▶ _Task item_
Identify each line below containing the string "Gender" and copy it.

Dataset items:
Start of Block

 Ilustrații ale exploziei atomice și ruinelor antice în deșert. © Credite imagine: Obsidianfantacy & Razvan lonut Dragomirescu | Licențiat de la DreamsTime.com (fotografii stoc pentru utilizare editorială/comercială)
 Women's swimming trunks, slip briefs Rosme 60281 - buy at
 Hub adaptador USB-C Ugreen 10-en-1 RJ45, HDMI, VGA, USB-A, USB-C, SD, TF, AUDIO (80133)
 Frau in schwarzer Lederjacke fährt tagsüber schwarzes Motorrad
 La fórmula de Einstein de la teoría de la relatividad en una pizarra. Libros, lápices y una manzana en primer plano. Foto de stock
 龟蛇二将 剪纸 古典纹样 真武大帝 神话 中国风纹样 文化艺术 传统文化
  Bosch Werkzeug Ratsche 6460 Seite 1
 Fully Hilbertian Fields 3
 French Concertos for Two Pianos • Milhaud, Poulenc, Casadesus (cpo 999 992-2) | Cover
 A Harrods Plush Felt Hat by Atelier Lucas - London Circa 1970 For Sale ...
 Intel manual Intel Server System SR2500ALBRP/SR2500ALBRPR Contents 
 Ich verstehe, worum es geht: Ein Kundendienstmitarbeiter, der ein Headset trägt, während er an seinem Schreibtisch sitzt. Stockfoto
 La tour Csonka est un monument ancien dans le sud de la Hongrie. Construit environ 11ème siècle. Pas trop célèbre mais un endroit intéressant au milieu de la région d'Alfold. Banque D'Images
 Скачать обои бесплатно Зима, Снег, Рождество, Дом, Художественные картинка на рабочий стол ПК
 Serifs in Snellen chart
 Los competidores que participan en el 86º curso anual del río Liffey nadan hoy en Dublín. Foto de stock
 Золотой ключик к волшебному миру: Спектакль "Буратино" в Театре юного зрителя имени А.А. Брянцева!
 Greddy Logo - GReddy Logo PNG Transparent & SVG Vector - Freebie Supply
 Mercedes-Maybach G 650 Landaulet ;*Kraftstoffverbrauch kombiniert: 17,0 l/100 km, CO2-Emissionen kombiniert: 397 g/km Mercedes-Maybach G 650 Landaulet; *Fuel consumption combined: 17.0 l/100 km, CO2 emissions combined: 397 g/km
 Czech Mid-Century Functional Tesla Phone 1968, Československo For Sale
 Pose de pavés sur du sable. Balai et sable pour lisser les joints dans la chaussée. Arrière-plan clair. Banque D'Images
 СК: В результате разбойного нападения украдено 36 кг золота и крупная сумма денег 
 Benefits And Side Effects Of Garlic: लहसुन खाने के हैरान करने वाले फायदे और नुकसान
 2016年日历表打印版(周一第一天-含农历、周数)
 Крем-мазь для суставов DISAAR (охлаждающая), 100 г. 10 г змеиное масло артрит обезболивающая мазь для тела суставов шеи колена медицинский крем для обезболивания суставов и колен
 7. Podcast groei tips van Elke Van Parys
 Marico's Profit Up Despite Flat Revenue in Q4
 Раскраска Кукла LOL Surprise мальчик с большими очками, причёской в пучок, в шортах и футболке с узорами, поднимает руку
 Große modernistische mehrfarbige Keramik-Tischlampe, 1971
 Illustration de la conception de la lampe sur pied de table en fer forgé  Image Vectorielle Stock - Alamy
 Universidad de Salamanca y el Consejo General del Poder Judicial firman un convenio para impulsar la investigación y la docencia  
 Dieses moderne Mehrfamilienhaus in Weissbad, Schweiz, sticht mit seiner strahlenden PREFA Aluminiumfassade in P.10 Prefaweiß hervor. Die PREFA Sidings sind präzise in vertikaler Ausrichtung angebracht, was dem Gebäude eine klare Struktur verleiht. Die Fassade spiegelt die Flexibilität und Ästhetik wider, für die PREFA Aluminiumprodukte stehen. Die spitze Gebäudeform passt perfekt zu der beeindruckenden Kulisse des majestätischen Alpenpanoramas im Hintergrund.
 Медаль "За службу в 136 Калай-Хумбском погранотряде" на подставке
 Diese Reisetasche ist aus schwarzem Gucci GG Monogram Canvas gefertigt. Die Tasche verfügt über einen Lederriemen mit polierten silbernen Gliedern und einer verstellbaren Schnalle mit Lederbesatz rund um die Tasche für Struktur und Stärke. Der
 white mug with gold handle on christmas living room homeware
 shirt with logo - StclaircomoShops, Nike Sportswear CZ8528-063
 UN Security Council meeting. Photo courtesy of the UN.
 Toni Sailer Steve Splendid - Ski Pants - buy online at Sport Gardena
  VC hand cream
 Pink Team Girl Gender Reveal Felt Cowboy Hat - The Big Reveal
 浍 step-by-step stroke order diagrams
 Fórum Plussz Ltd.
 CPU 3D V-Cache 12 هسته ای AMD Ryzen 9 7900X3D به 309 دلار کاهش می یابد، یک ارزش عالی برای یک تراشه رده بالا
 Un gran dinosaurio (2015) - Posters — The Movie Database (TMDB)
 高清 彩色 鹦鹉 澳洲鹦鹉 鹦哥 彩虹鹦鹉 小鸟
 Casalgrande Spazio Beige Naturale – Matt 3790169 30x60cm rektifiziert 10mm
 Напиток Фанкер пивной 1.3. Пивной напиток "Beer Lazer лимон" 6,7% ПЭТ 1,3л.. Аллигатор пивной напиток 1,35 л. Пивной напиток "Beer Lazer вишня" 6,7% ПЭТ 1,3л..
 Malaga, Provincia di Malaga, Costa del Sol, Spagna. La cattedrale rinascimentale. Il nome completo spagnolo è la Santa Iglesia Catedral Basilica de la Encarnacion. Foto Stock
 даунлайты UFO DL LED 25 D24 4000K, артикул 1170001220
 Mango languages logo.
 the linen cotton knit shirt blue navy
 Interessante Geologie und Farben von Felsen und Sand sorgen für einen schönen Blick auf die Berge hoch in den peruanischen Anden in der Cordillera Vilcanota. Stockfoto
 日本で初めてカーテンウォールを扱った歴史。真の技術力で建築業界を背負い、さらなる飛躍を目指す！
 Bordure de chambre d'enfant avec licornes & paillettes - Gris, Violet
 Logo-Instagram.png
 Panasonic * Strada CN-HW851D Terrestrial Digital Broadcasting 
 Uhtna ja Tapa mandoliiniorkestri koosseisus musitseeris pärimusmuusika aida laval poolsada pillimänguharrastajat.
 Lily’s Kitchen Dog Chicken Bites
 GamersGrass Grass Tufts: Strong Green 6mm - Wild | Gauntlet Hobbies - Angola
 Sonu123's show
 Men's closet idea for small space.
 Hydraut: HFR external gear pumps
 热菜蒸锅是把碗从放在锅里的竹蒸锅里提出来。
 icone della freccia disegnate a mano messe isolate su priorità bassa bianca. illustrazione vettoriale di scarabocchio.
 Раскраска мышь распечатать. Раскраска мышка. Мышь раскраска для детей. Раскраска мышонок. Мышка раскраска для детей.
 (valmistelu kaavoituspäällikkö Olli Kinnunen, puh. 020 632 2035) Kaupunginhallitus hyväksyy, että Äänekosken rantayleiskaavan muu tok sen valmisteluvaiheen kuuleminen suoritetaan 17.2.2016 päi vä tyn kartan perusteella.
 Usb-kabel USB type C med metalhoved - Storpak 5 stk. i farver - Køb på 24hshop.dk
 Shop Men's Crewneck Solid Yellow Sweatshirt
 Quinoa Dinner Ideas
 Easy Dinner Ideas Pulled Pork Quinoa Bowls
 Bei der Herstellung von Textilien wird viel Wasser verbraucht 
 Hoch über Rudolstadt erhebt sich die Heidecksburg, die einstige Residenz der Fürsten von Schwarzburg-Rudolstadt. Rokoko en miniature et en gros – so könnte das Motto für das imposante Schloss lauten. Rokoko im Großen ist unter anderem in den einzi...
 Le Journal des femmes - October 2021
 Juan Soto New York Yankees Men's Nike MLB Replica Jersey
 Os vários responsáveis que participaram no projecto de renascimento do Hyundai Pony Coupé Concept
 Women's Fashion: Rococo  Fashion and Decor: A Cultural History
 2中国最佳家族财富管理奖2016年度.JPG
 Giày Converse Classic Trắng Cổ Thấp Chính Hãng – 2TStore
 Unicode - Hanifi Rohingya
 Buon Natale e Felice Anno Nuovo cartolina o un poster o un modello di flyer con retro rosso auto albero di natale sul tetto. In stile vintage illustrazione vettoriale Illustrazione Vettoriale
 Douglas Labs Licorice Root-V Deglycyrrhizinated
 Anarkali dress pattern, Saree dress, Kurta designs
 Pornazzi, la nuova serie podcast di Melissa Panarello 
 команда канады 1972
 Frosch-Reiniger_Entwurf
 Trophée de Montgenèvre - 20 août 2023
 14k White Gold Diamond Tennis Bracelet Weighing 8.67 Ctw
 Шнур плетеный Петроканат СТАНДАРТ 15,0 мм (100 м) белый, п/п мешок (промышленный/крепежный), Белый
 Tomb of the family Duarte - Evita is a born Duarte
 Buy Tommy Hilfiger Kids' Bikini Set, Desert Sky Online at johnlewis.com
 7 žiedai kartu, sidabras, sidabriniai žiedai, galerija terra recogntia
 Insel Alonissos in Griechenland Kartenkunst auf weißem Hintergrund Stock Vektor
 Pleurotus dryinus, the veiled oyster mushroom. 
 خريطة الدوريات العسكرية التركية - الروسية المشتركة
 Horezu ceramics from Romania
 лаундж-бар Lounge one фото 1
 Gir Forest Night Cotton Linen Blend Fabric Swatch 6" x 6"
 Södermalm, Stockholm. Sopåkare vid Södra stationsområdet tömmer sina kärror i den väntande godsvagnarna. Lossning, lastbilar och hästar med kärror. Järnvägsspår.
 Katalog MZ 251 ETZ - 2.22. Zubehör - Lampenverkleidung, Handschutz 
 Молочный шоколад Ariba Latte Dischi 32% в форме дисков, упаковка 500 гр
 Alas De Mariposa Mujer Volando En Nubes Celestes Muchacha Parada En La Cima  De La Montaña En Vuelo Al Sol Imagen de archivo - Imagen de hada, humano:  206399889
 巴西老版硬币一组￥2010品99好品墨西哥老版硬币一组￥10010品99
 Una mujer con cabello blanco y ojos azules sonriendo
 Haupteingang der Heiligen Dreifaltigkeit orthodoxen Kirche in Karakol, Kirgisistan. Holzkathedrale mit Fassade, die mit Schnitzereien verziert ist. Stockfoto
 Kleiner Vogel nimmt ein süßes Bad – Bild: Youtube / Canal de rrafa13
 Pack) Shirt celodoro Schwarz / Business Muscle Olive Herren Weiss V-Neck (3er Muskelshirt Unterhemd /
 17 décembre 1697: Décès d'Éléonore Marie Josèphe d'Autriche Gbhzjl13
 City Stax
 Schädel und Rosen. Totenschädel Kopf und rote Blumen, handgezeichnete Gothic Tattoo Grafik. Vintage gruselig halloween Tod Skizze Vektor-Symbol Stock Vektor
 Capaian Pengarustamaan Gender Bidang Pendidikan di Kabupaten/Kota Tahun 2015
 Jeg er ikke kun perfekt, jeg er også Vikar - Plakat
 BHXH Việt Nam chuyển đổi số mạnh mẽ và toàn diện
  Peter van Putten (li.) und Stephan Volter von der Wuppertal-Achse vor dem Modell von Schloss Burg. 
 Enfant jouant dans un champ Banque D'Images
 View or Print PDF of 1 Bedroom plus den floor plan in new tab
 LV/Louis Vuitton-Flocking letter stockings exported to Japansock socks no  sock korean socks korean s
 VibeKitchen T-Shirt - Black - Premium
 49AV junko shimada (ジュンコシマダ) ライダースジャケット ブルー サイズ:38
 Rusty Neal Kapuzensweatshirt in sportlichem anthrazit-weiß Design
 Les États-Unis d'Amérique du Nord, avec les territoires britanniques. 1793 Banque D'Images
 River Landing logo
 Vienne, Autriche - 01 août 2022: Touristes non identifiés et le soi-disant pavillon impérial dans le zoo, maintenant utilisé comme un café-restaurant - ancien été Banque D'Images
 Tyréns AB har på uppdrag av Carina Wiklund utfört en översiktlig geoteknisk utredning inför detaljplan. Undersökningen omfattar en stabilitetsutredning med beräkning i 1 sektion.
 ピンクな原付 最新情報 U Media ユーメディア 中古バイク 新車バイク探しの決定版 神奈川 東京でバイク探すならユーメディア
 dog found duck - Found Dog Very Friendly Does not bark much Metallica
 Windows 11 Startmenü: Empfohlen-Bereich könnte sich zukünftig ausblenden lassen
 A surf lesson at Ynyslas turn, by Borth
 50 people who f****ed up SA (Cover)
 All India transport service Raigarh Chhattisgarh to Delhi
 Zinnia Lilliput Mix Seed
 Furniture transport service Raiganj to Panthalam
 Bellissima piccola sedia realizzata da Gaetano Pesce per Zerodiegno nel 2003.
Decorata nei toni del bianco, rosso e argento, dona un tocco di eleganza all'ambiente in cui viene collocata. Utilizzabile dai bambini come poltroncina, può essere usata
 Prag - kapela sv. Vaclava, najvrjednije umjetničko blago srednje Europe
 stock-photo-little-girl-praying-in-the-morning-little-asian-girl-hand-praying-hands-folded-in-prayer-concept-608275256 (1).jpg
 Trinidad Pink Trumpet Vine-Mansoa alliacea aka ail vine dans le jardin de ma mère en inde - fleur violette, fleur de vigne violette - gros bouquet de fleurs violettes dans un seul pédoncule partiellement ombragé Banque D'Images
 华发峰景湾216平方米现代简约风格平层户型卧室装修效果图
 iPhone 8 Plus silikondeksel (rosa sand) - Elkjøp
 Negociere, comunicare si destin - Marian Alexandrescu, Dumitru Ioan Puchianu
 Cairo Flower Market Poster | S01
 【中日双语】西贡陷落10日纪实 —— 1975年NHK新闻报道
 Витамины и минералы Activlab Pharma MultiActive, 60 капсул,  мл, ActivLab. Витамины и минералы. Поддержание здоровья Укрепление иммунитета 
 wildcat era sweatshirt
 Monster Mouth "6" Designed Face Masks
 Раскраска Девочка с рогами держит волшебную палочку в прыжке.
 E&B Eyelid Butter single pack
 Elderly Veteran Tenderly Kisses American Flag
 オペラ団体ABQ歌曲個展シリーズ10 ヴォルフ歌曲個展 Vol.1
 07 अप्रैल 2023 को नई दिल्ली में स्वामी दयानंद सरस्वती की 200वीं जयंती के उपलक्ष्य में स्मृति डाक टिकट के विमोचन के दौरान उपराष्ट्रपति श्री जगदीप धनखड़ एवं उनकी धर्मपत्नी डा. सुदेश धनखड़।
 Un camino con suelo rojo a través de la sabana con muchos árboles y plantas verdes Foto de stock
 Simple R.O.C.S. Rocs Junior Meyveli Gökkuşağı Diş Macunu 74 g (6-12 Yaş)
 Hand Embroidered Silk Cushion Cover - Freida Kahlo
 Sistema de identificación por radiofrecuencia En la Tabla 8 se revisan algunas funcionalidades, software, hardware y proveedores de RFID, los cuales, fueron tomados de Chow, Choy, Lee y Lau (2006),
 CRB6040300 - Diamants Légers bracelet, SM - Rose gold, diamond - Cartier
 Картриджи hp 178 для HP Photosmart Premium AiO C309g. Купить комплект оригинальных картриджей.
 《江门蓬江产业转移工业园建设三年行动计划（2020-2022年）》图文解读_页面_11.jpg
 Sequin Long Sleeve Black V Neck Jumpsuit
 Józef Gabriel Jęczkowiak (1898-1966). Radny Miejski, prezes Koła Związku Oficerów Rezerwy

End of Block

▶ _Answer to the problem_
 Pink Team Girl Gender Reveal Felt Cowboy Hat - The Big Reveal
 Capaian Pengarustamaan Gender Bidang Pendidikan di Kabupaten/Kota Tahun 2015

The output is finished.